Mots-clés: complexe d’Œdipe, homoparentalité, homosexualité, orientations mentales, psychanalyse classique.
Summary
Same Sex Parenthood
This study aims to examine a “classic psychoanalytical” viewpoint of the Oedipus complex and to underline mistakes, analyzing them by starting with Freud’s own point of view. The author proposes that it is no longer possible to describe and understand homosexuality as resulting from a regression to or a fixation at a stage of temporal experience preceding the dissolution of the Oedipus complex, or in the end as a failure of oedipal rivalry leading to an identification with the parent of the opposite sex. Freud himself underlined in his later works (1923) that things were much more complicated than what he had first thought, starting from an original bisexuality in every human being. And since Freud, a large number of authors have considered “mental orientations” the result of a compromise made between drive exigency and cultural necessity. With respect to same-sex parenting, then, as psychoanalysts, we are obliged to take another look at the importance of the theory of the Oedipus complex in its simplified form, just as Freud himself found it necessary to do.

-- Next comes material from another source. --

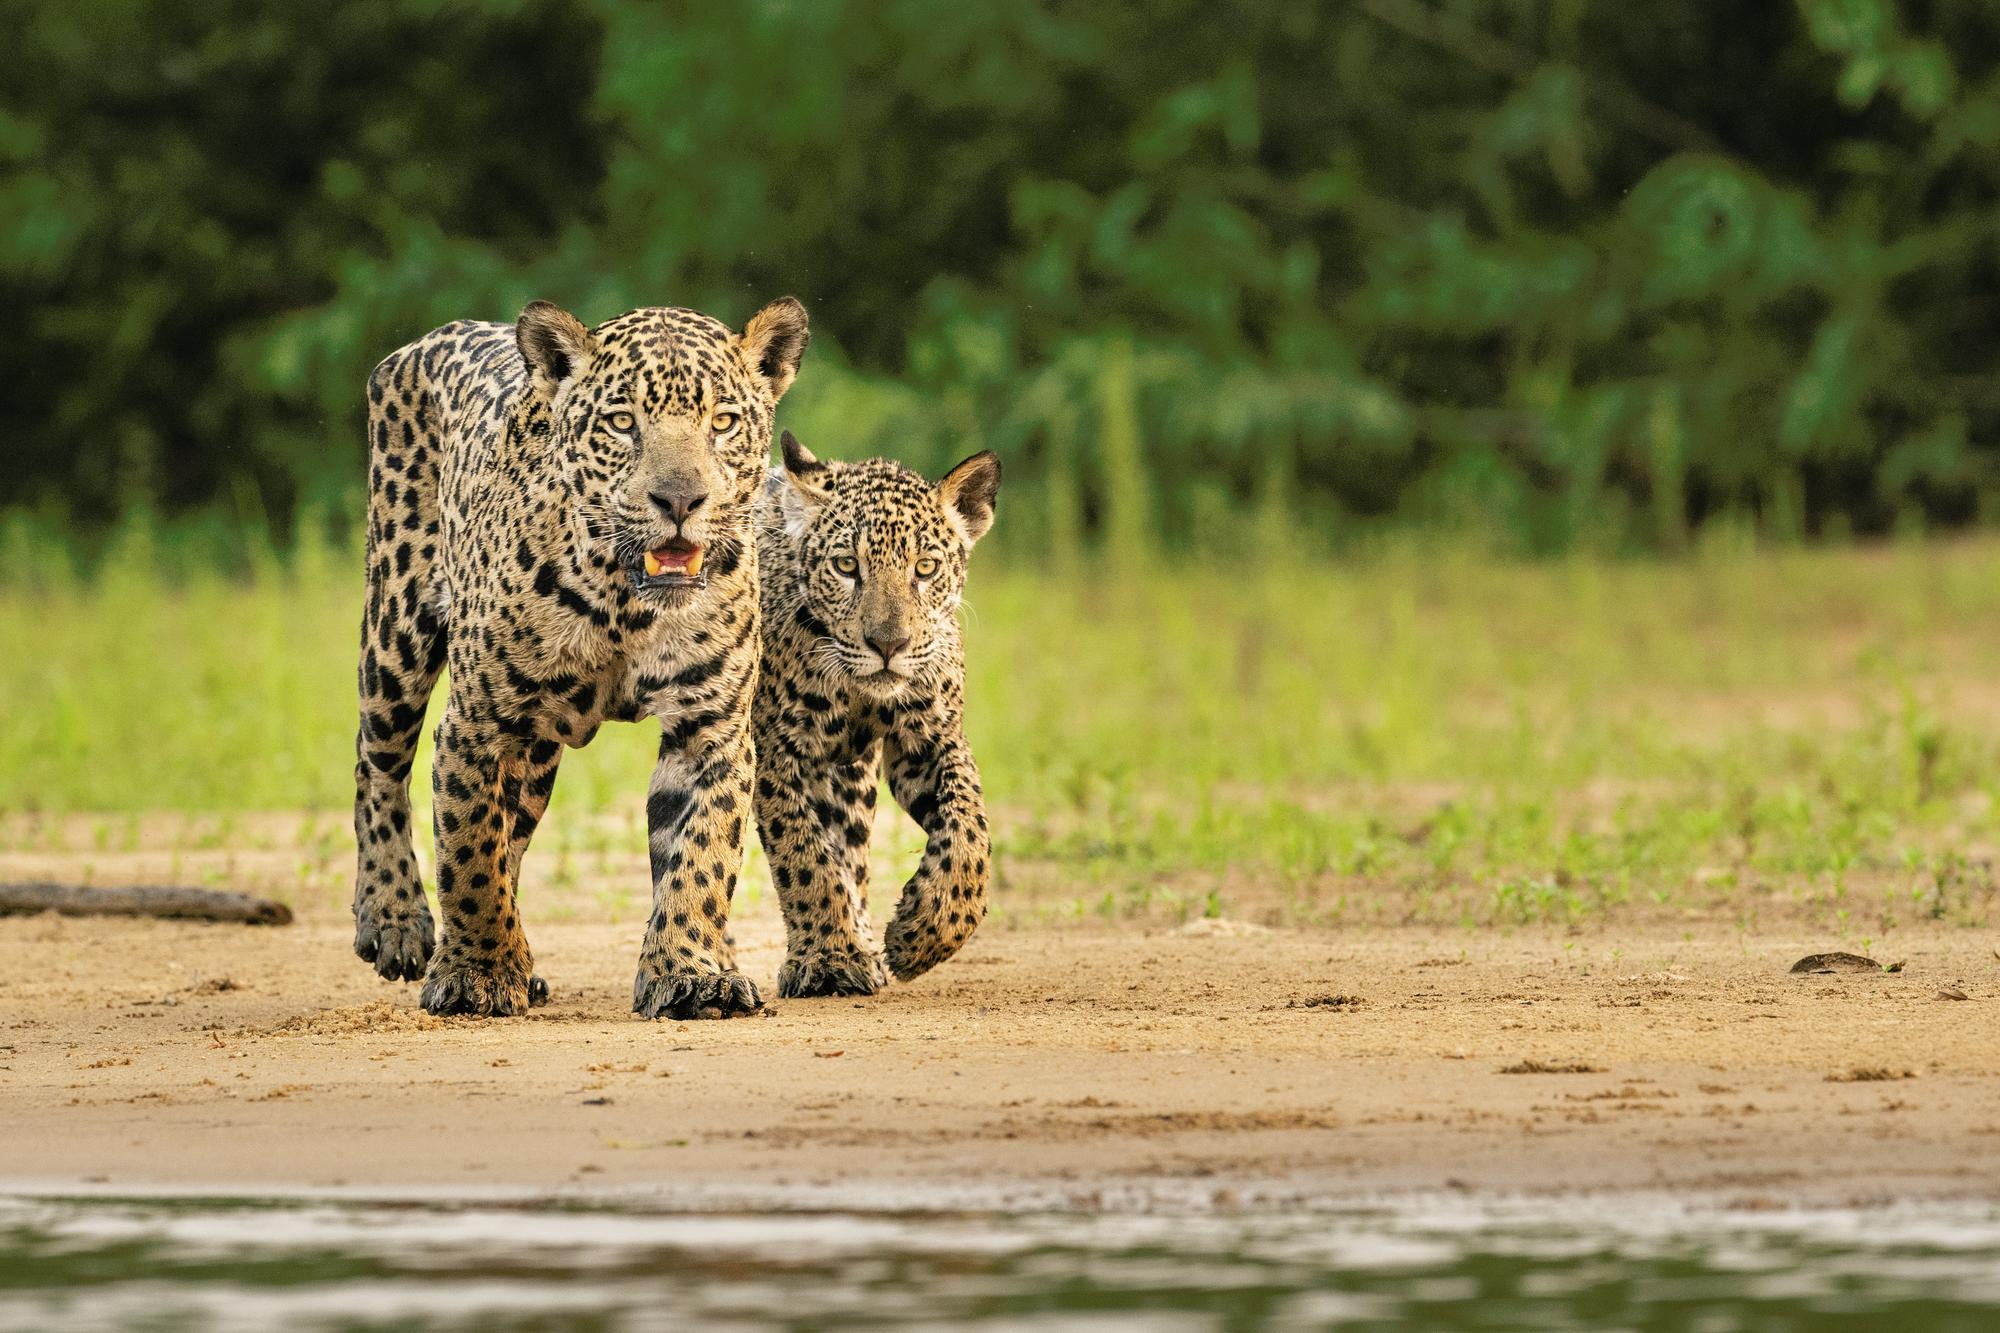 Two jaguars in Brazil

Keywords: classical psychoanalysis, homoparentality, homosexuality, mental orientations, oedipus complex.
Resumen
Parentalidad del mismo sexo
El estudio que aquí proponemos, examina los puntos de vista del así dicho “psicoanálisis clásico” sobre complejo edípico, revisando sus errores a partir de la misma visión de Freud. La Autora pone en evidencia que no se puede describir y comprender la homosexualidad como el resultado de una regresión o de una fijación en etapas de experiencias temporales anteriores a la resolución del complejo edípico, o – en fin – como un defecto en el curso de la rivalidad edípica, dejando predominar la identificación con el padre de sexo opuesto; esto se basa en el mismo Freud que, en sus trabajos siguientes – 1923 – captó que la situación fuera más compleja de lo que había pensado con anterioridad, entonces vuelve a la idea de una bisexualidad originaria que atañe a cada ser humano. Y después de Freud muchos autores han considerado las “orientaciones mentales” como el resultado de un compromiso alcanzado entre pulsión y necesidades culturales. Así que, en relación a los padres del mismo sexo, en cuanto psicoanalistas, nos compete reexaminar la relevancia de la teoría del complejo edípico en su forma simplificada, así como al mismo Freud fue preciso hacer.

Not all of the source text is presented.